Народился тип нацiоналиста, готоваго мириться с любым положенiем вещей, с любым режимом, лишь бы он был "свой" нацiональный. От 70-х и 80-х годов тянется нить к тому эпизоду 1919 г., когда один из членов Директорiи на засЪданiи Украинской Рады заявил: "Мы готовы й на совитьску владу, аби вона была украинська". Никто тогда оратору "не заперечил" и, впослЪдствiи, многiе видные дЪятели самостiйничества, во главЪ с М. Грушевским, перешли к большевикам, удовлетворившись внЪшней нацiональной формой совЪтской власти на УкраинЪ.

Проф. Корсаков разсказывает в своих воспоминанiях {176} о кiевской молодежи, которая в 70-х годах группировалась вокруг Костомарова.
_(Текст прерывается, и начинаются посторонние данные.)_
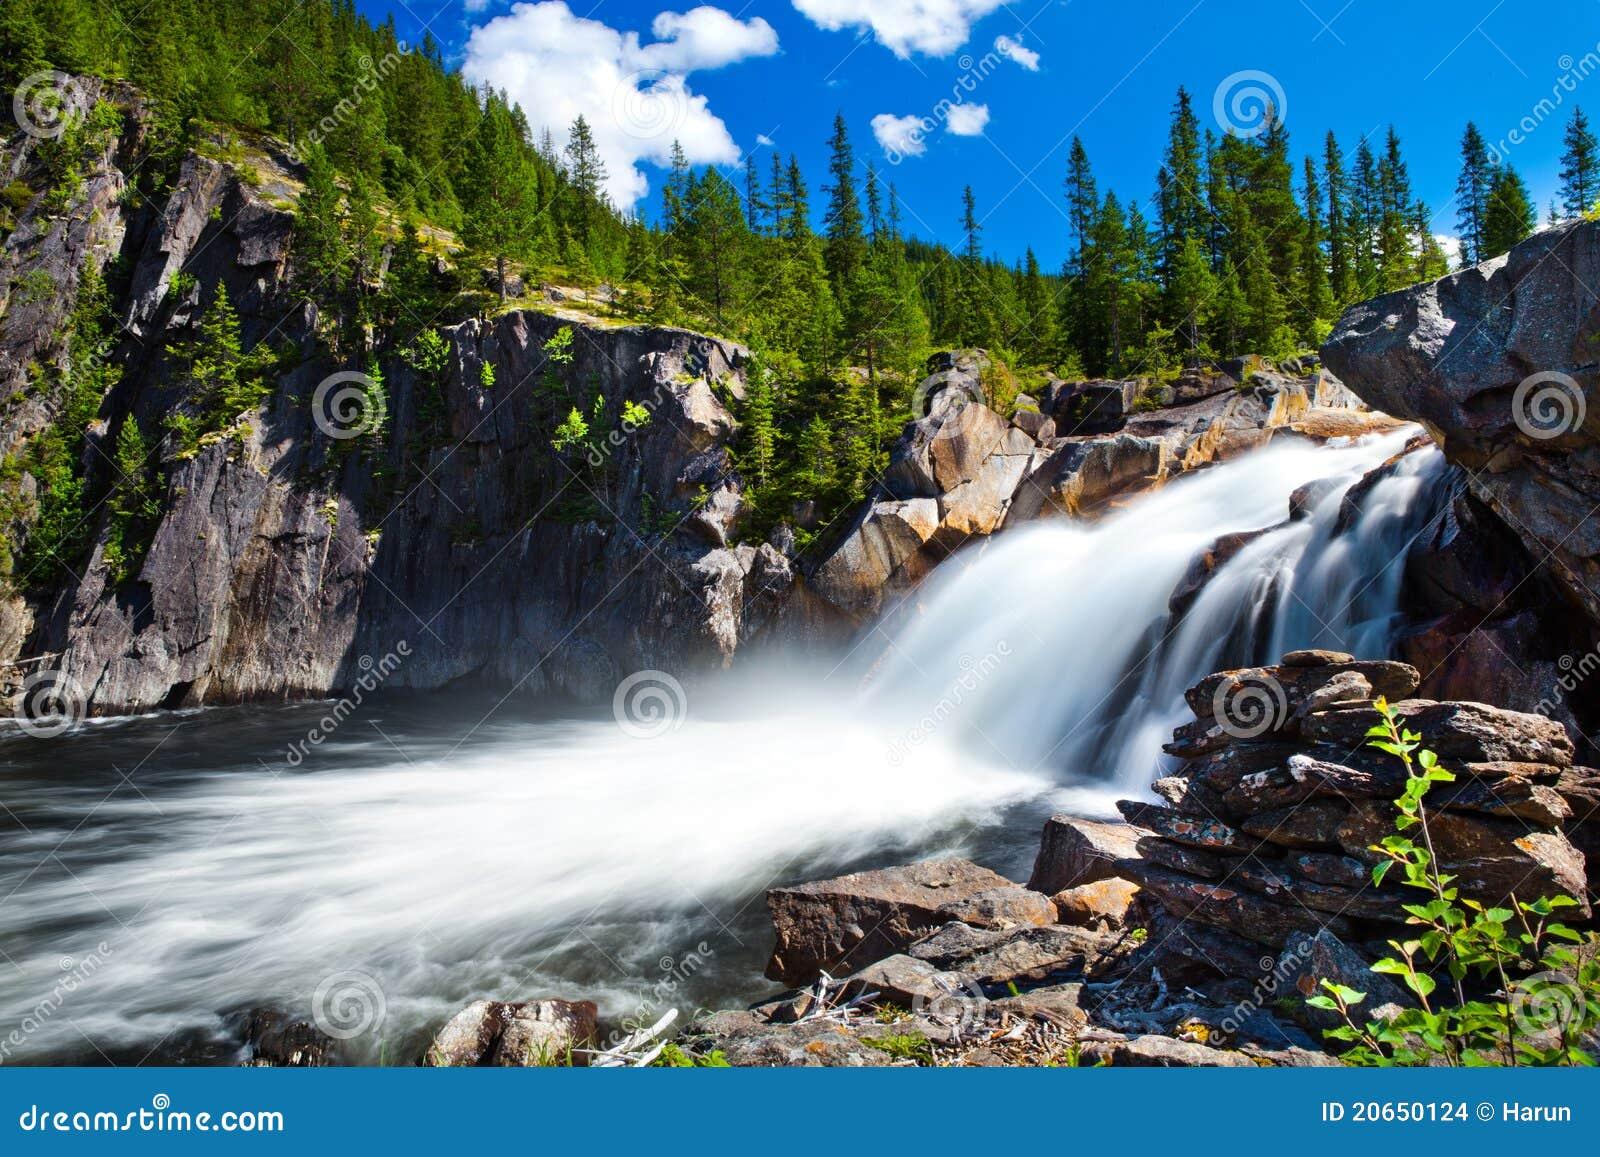 Waterfall of Norway

Молодые люди любили и почитали его, называли "дидом", но в их обращенiи с ним замЪтна была ласковая снисходительность, какая бывает, иногда, к милым, но выжившим из ума старичкам. Чувствовалось, что его чтят за прежнiя заслуги, но всерьез не принимают. Он высказался против искусственнаго созданiя новаго литературнаго языка - ему на это не возразили, но язык продолжали сочинять с удвоенной энергiей. Он предостерег от увлеченiя распространенным в Галицiи ученiем Духинскаго, насыщенным ненавистью к москалям, - ему опять ничего не возразили, но нацiональная доктрина все болЪе проникалась идеями Духинскаго. Он пользовался каждым случаем, чтобы заявить об отсутствiи у украинскаго движенiя намЪренiя отдЪлить свой край от Россiи или даже посЪять сЪмена розни между двумя братскими вЪтвями русскаго племени - а украинское движенiе, в это время, дЪлало все, чтобы заложить основу такой розни. Напрасно он увЪрял весь мiр, будто украинофильство ничего не ищет, кромЪ умственнаго, духовнаго и экономическаго развитiя своего народа, - он говорил только за самого себя. Воспитанному им юношеству уже тогда грезилась возрожденная рада, гетманы, бунчуки, червоные жупаны и весь реквизит казачьей эпохи.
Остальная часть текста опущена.